When NFS2 brought preliminary support for locking, it was supported with a separate protocol connecting to a separate daemon with the hope of keeping the protocol stateless. Because this support existed in the form of byte-range locks, many early systems only supported fcntl() locks on NFS and even then, the locks were initially quite unreliable. On these systems, other locks were typically local and therefore unable to coördinate access across systems that shared the NFS file system.
Unlike its predecessors, NFS4 – first standardized in December 2000 – was a stateful protocol and brought support for locks into the NFS protocol, making them much more reliable. Furthermore, Linux 2.6.12 – released in June 2005 – allowed flock() to use NFS locking. The old behaviour persisted on some systems for years, but flock() now works on all modern *nix systems acting as NFS clients (unless locking has been disabled on the server).

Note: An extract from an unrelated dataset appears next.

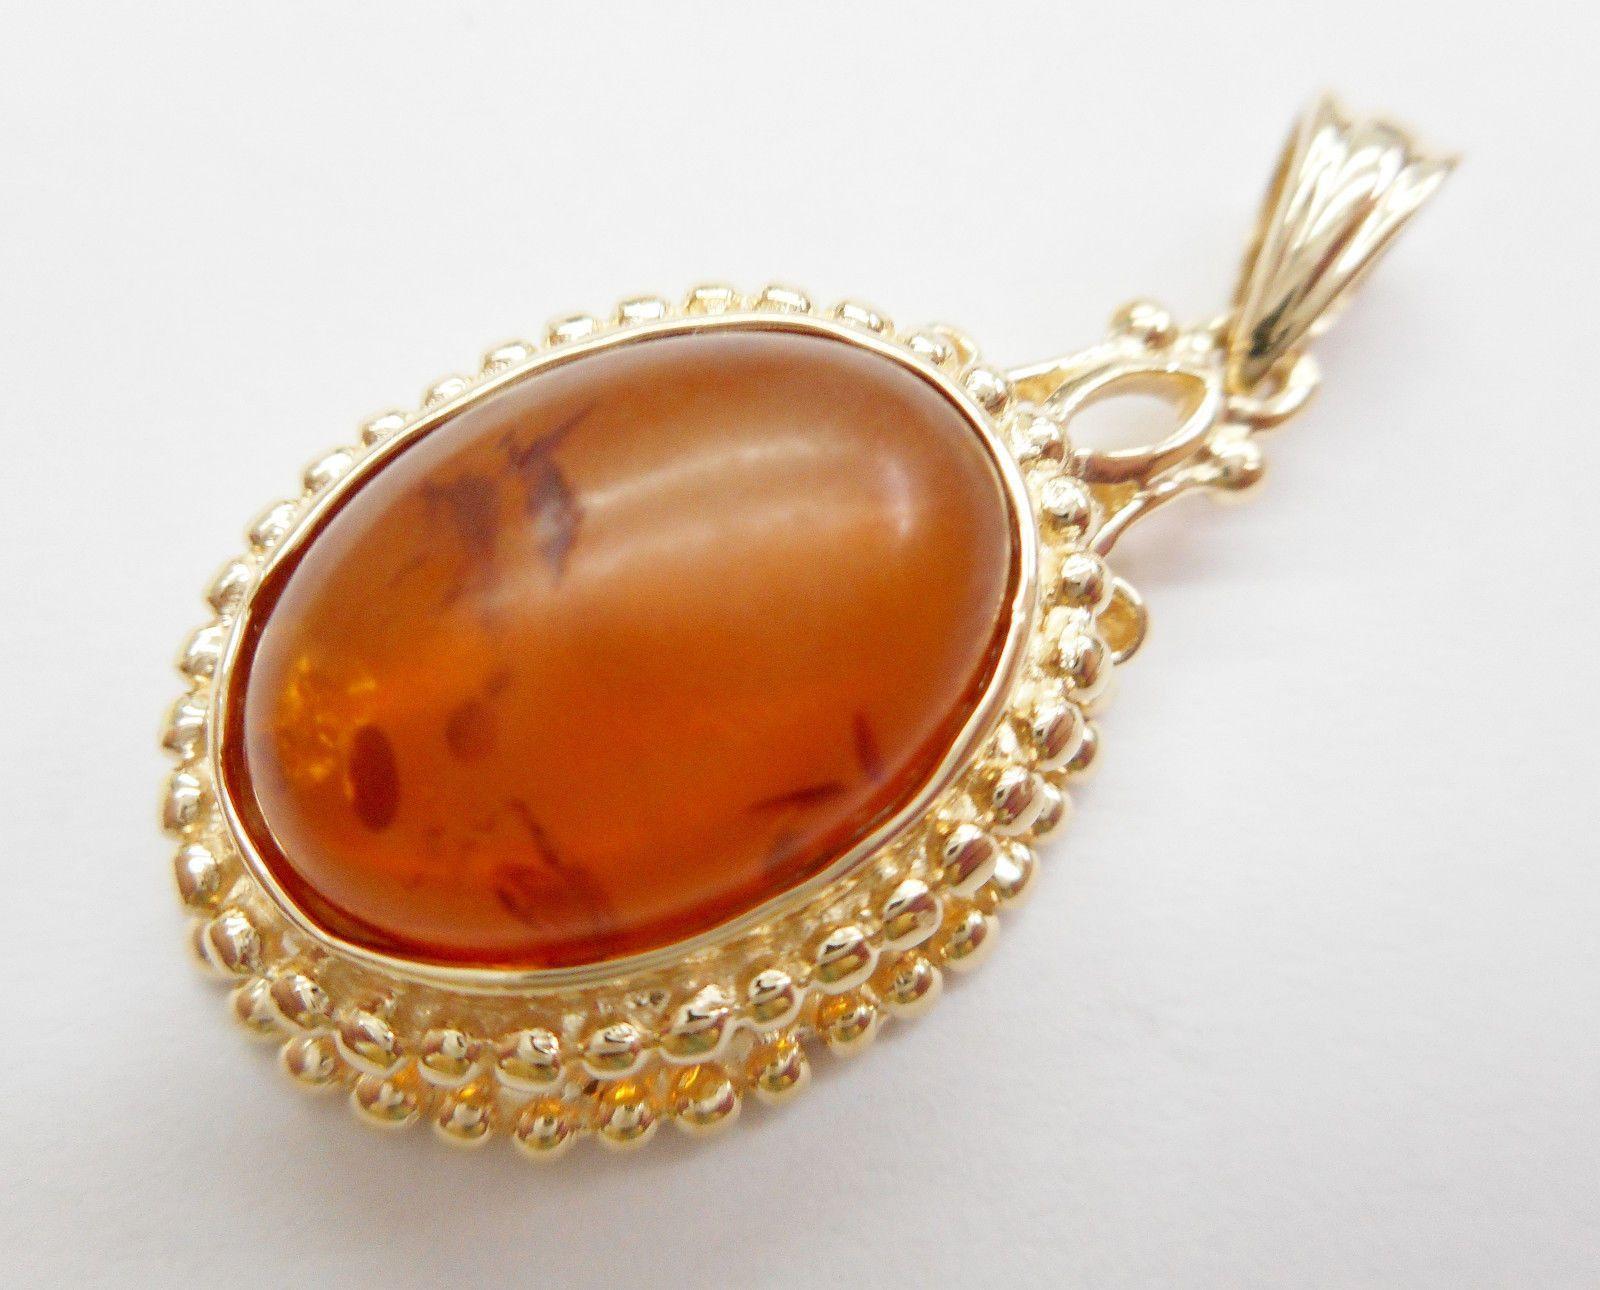 Sale gorgeous genuine 14k yellow gold fancy amber pendant 1775 sale gorgeous genuine 14k yellow gold fancy amber pendant 1775 aloadofball Images

It is worth noting that NFS still brings with it a few unusual behaviours: all locking APIs generally use the same locking mechanism and therefore interact even on OSes where they otherwise would not, and – as a result of the NFS protocol's handling of locks – may act as mandatory locks, not advisory ones.
I briefly discussed dotlocking above, but there is another kind of lock file that deserves mention: one where a specific file is used to *bear* a lock using another locking API, rather than *being* the lock. This can be useful if access to multiple files needs to be coördinated, or if the file that needs to be accessed might be subject to atomic replacement via rename().

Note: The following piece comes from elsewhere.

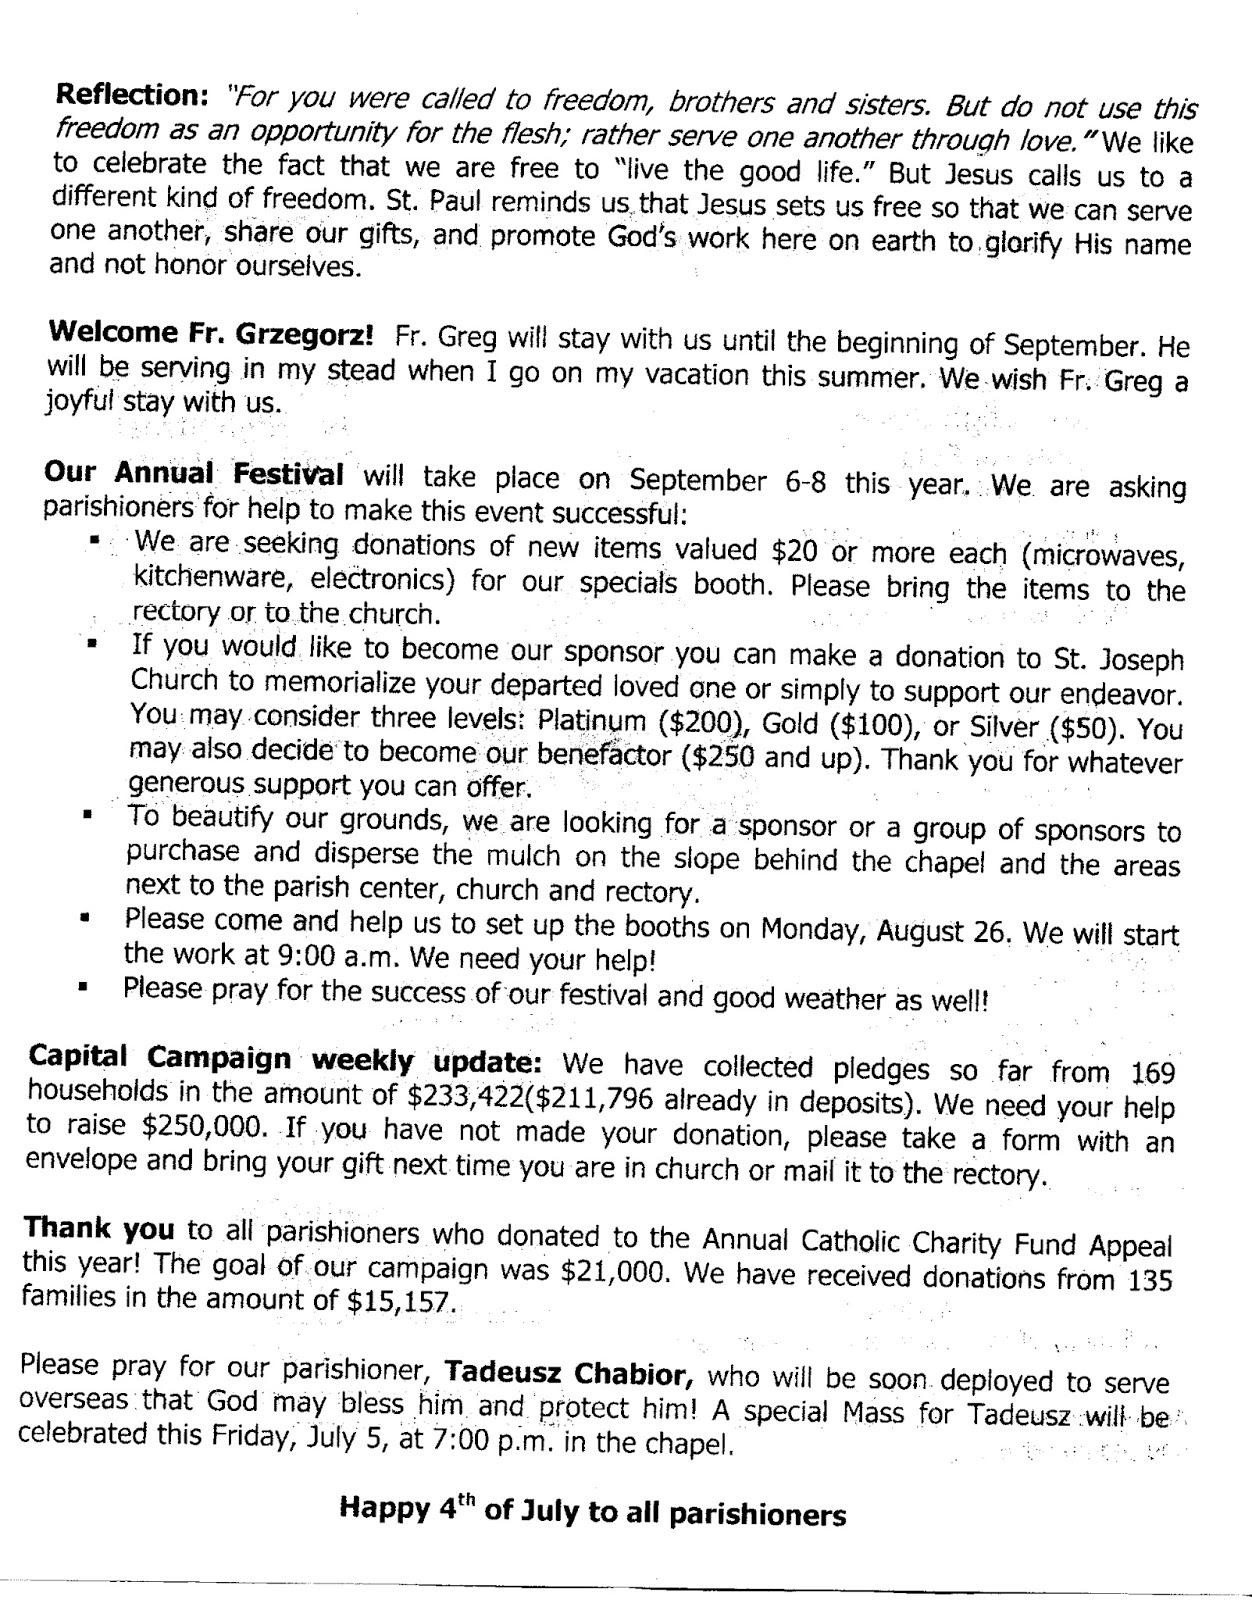 St Joseph's Church Services & Parish Family Life Info

While useful, this comes with its own potential footgun: the lock file must remain in place or you risk a race condition where multiple threads/processes believe they hold the same lock: since the lock and accessed files use different file descriptors, there is no way to safely access the latter if the lock file is deleted and replaced.
———
[0] As reported in the GNU flock(2) man page. This was apparently true on Linux before version 2.0, although I am not aware of any systems that still do this. If you are aware of a modern system with this behaviour, I encourage you to get in touch.
[1] Locks held by a process aren't wholly irredeemable, but their usage would be a lot more intuitive if they were acquired using a path and only automatically released when the process exits. This does not fix all their other problems wrt multi-threading and libraries, however.
[2] On the other hand, they may also interact with flock() locks on some systems.